-- ACTION ITEM --
Beginning with the line of the entries below that holds "Outdoor fall wedding" and ending with the line that holds "AGI Akku SM-G910S", transcribe each line exactly as written. Pictures stay out.

-- DATA RECORDS --
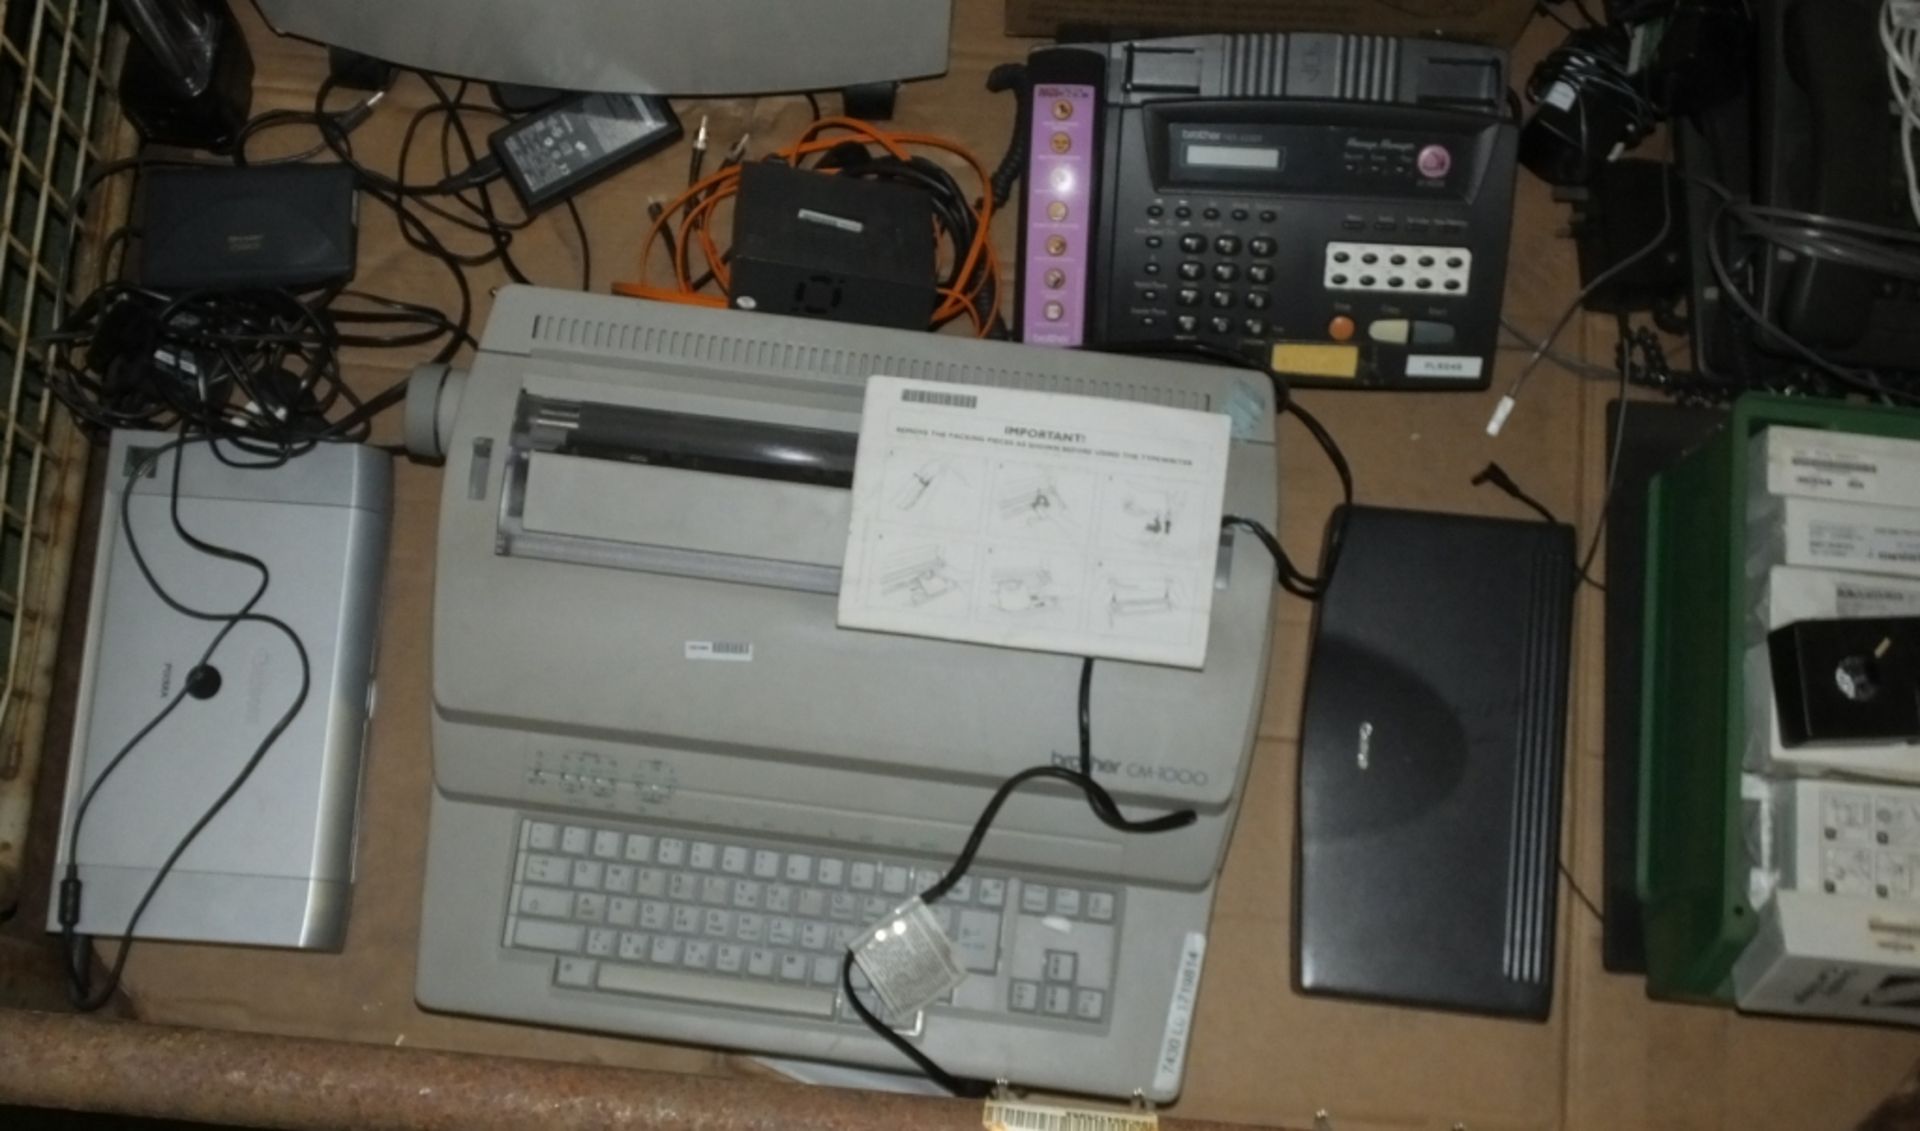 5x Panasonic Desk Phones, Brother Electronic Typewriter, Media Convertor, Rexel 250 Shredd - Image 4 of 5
---
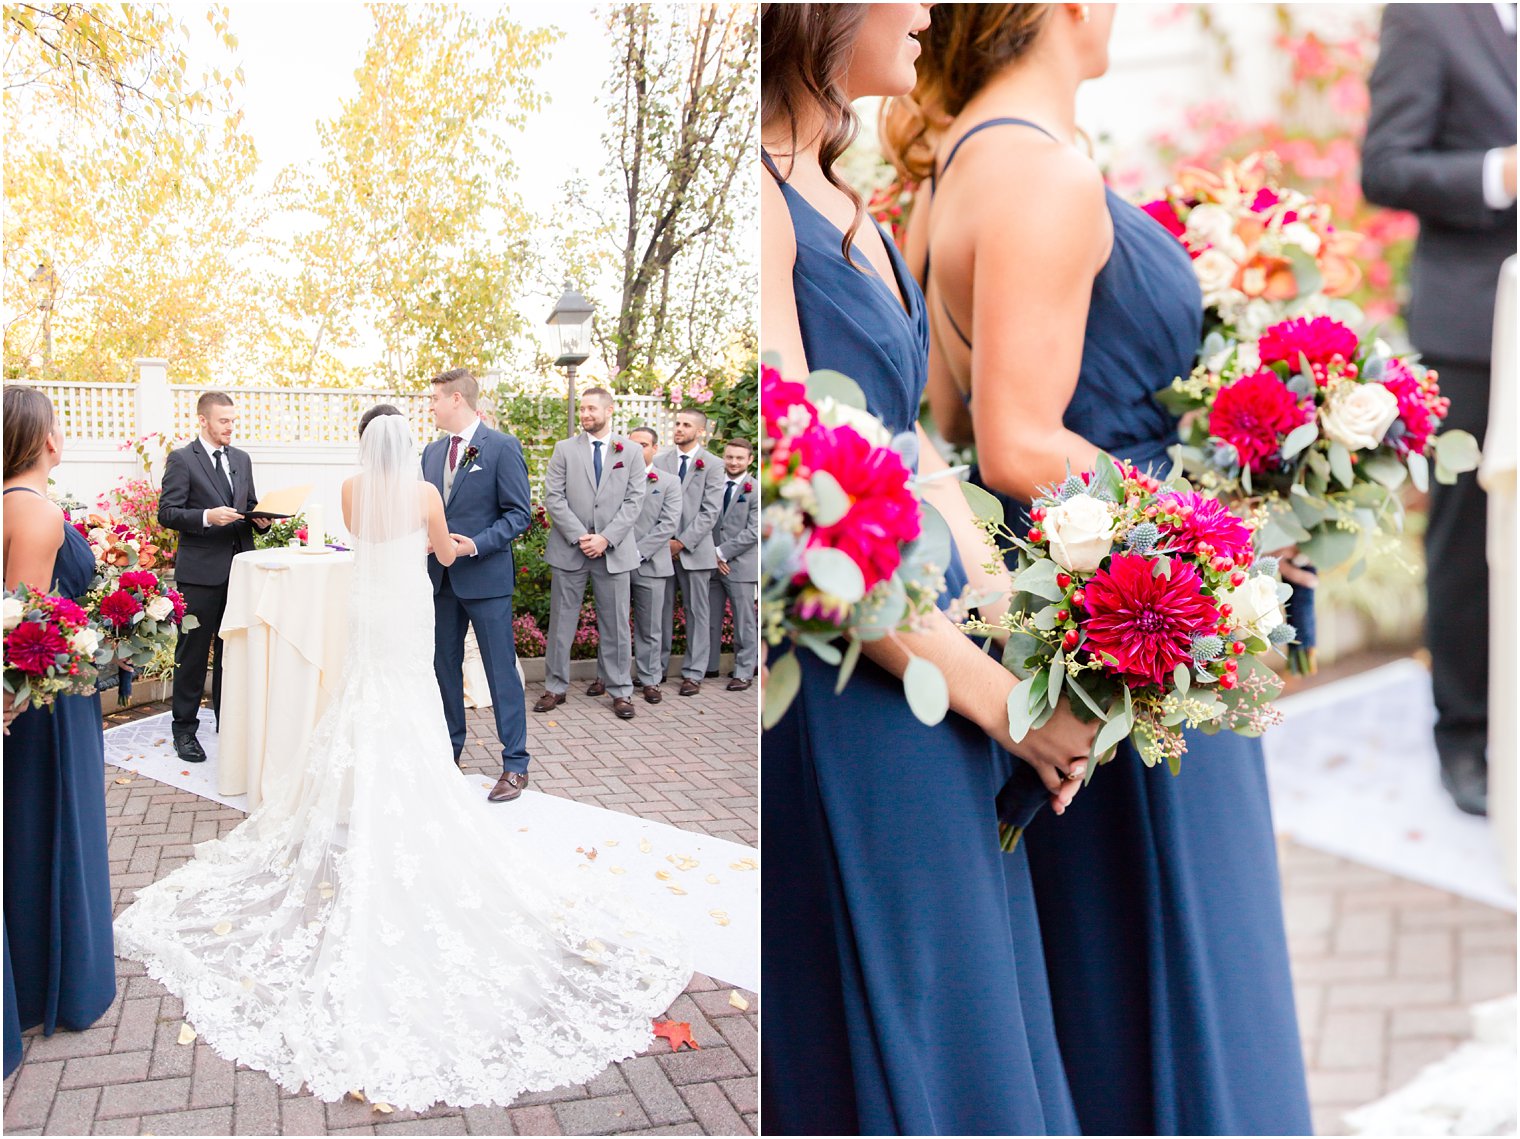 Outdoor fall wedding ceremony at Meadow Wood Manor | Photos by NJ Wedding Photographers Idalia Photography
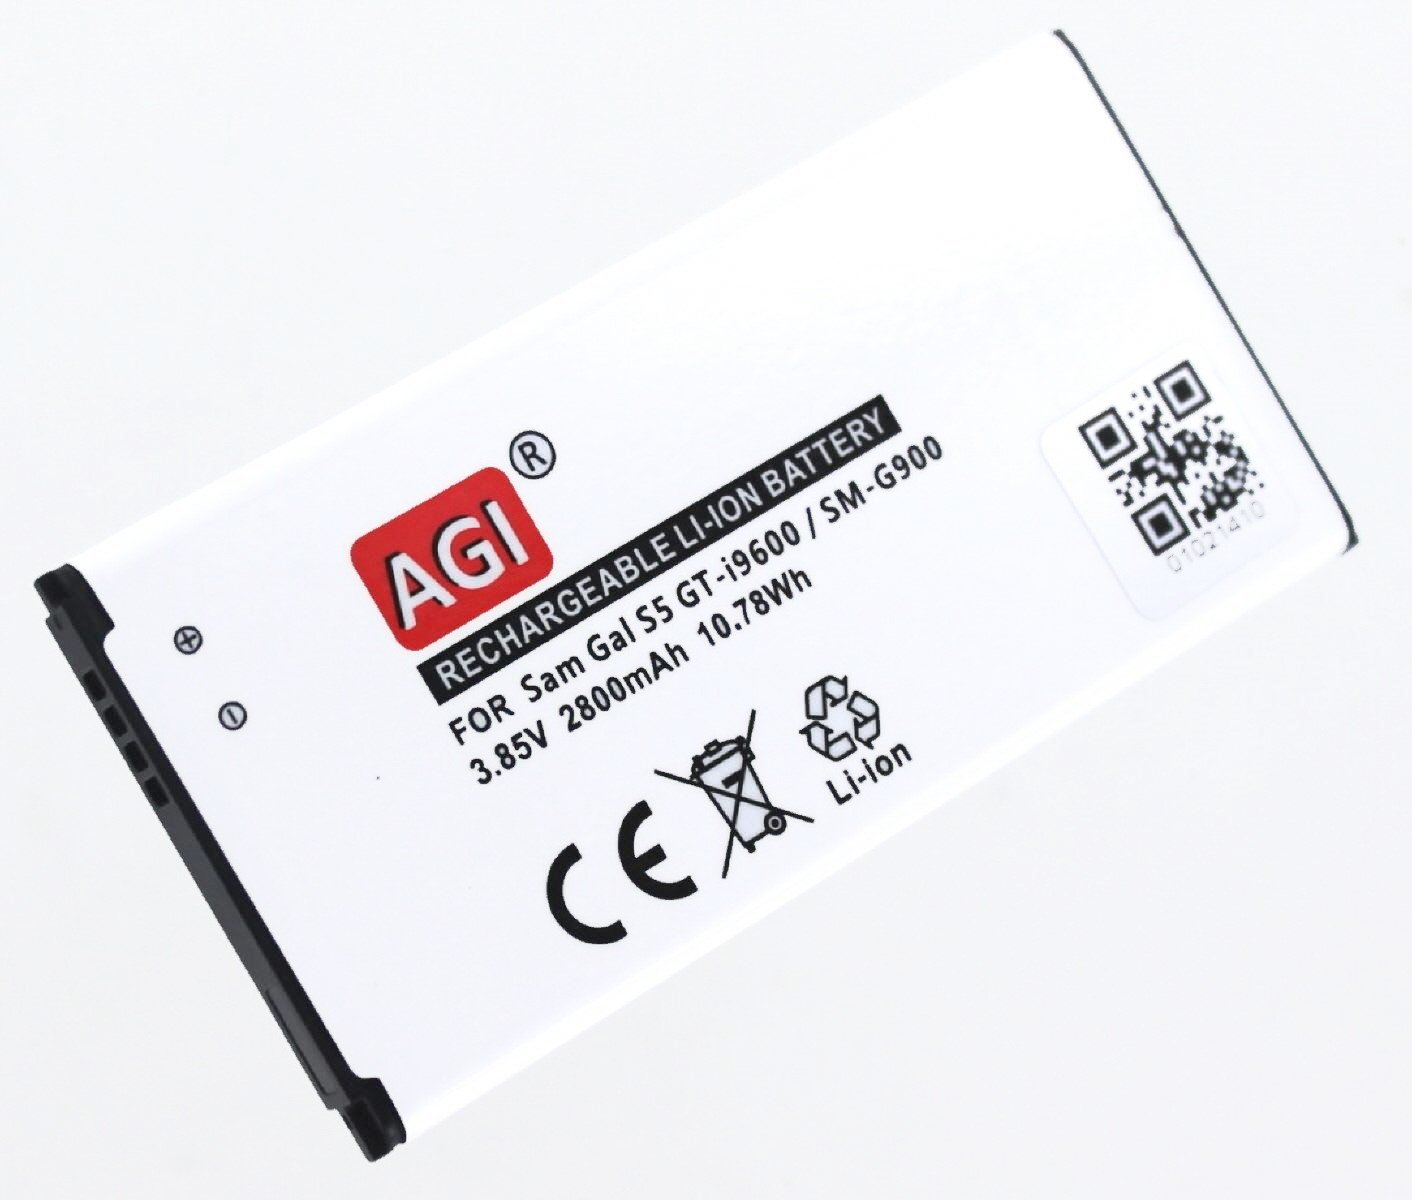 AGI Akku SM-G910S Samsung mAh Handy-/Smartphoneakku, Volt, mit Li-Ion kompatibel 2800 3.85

-- PROBLEM SOLUTION --
 Outdoor fall wedding ceremony at Meadow Wood Manor | Photos by NJ Wedding Photographers Idalia Photography
 AGI Akku SM-G910S Samsung mAh Handy-/Smartphoneakku, Volt, mit Li-Ion kompatibel 2800 3.85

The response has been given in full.